Work task:
Reproduce the data in full, exactly as given, leaving images out.

Data section:
################

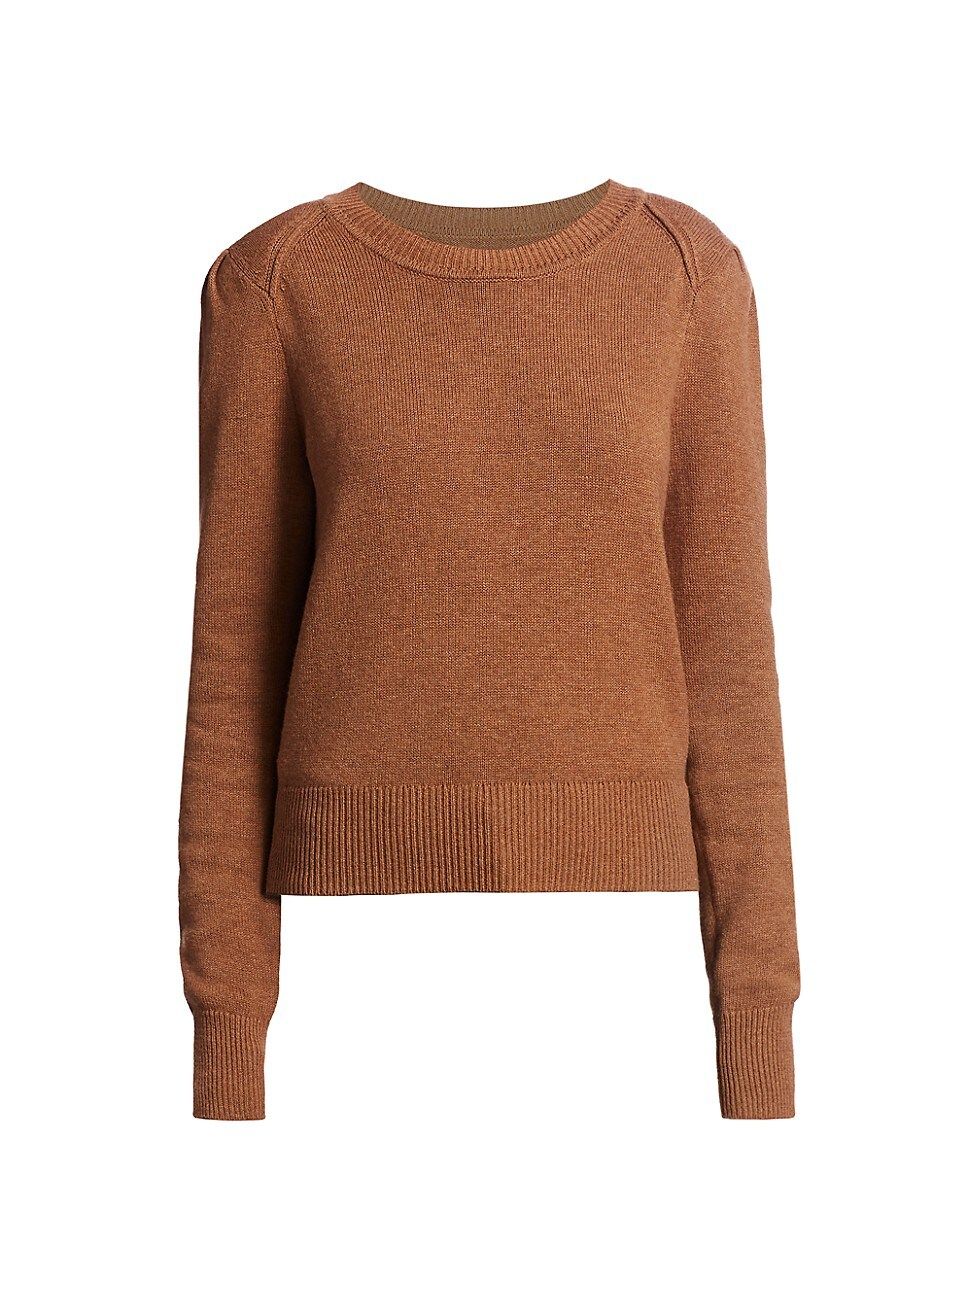 Isabel Marant Etoile Women's Kleely Wool-Blend Sweater - Camel - Size 40 (8) | Saks Fifth Avenue
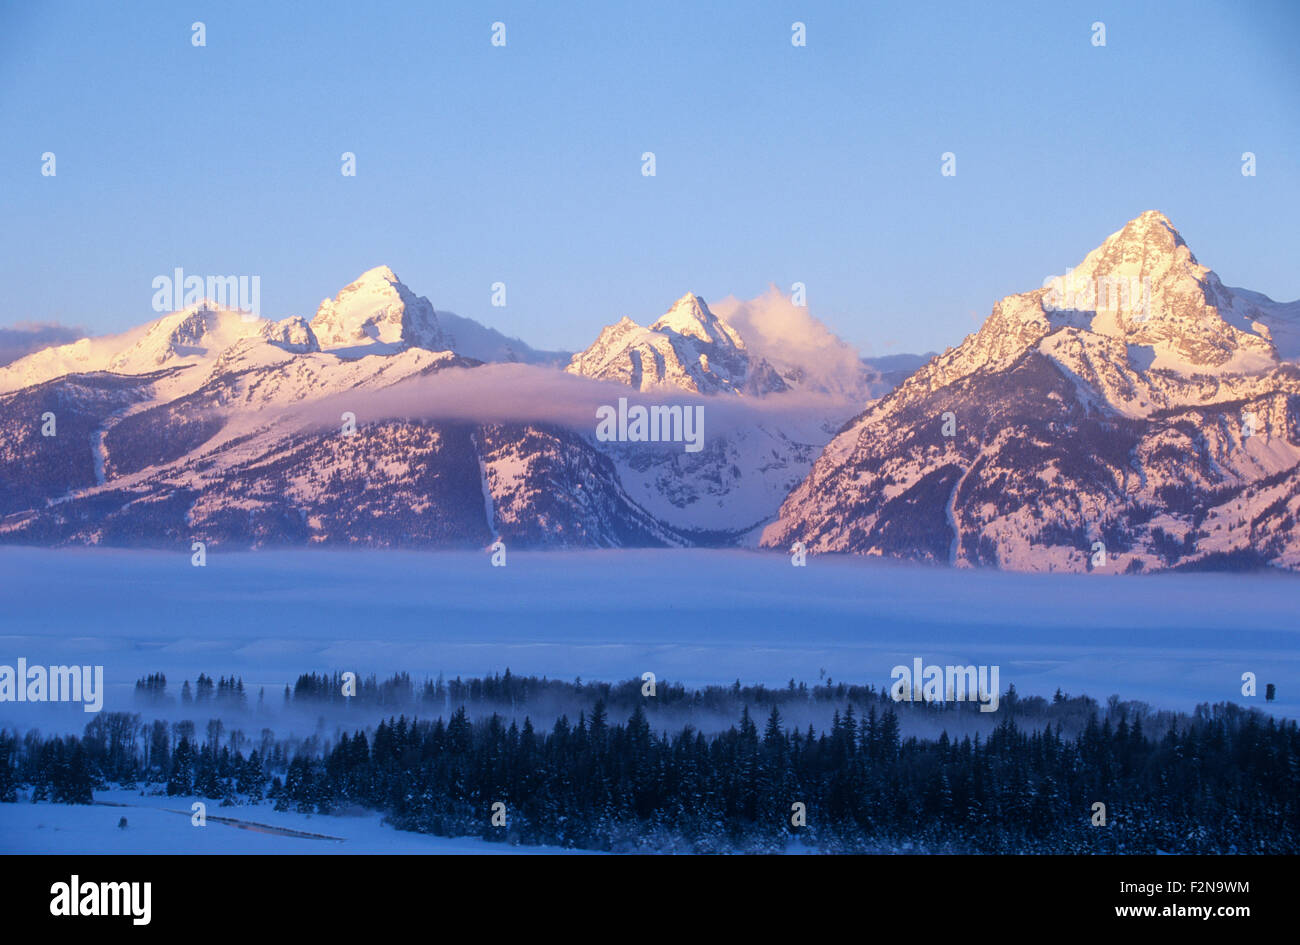 The Teton mountain range at dawn in winter, Grand Teton National Park, Wyoming, USA. Stock Photo
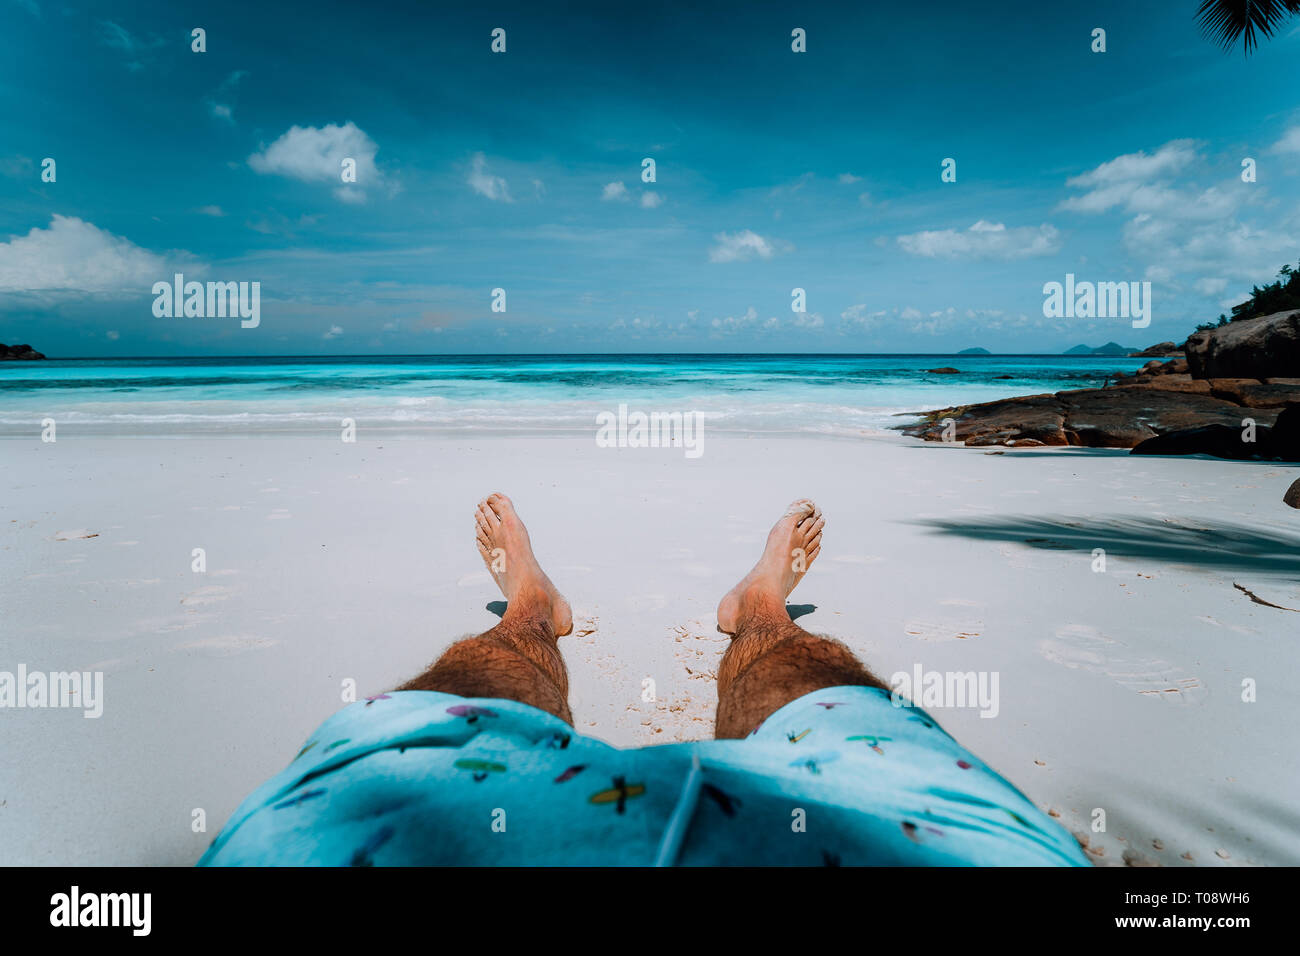 Reise Urlaub Hintergrund männliche Beine mit kurzen auf Paradise White Sand tropischen Strand vor türkisblauem Meer schwimmen. Exotischen Urlaub Stockfoto

################

Problem solution:
 Isabel Marant Etoile Women's Kleely Wool-Blend Sweater - Camel - Size 40 (8) | Saks Fifth Avenue
 The Teton mountain range at dawn in winter, Grand Teton National Park, Wyoming, USA. Stock Photo
 Reise Urlaub Hintergrund männliche Beine mit kurzen auf Paradise White Sand tropischen Strand vor türkisblauem Meer schwimmen. Exotischen Urlaub Stockfoto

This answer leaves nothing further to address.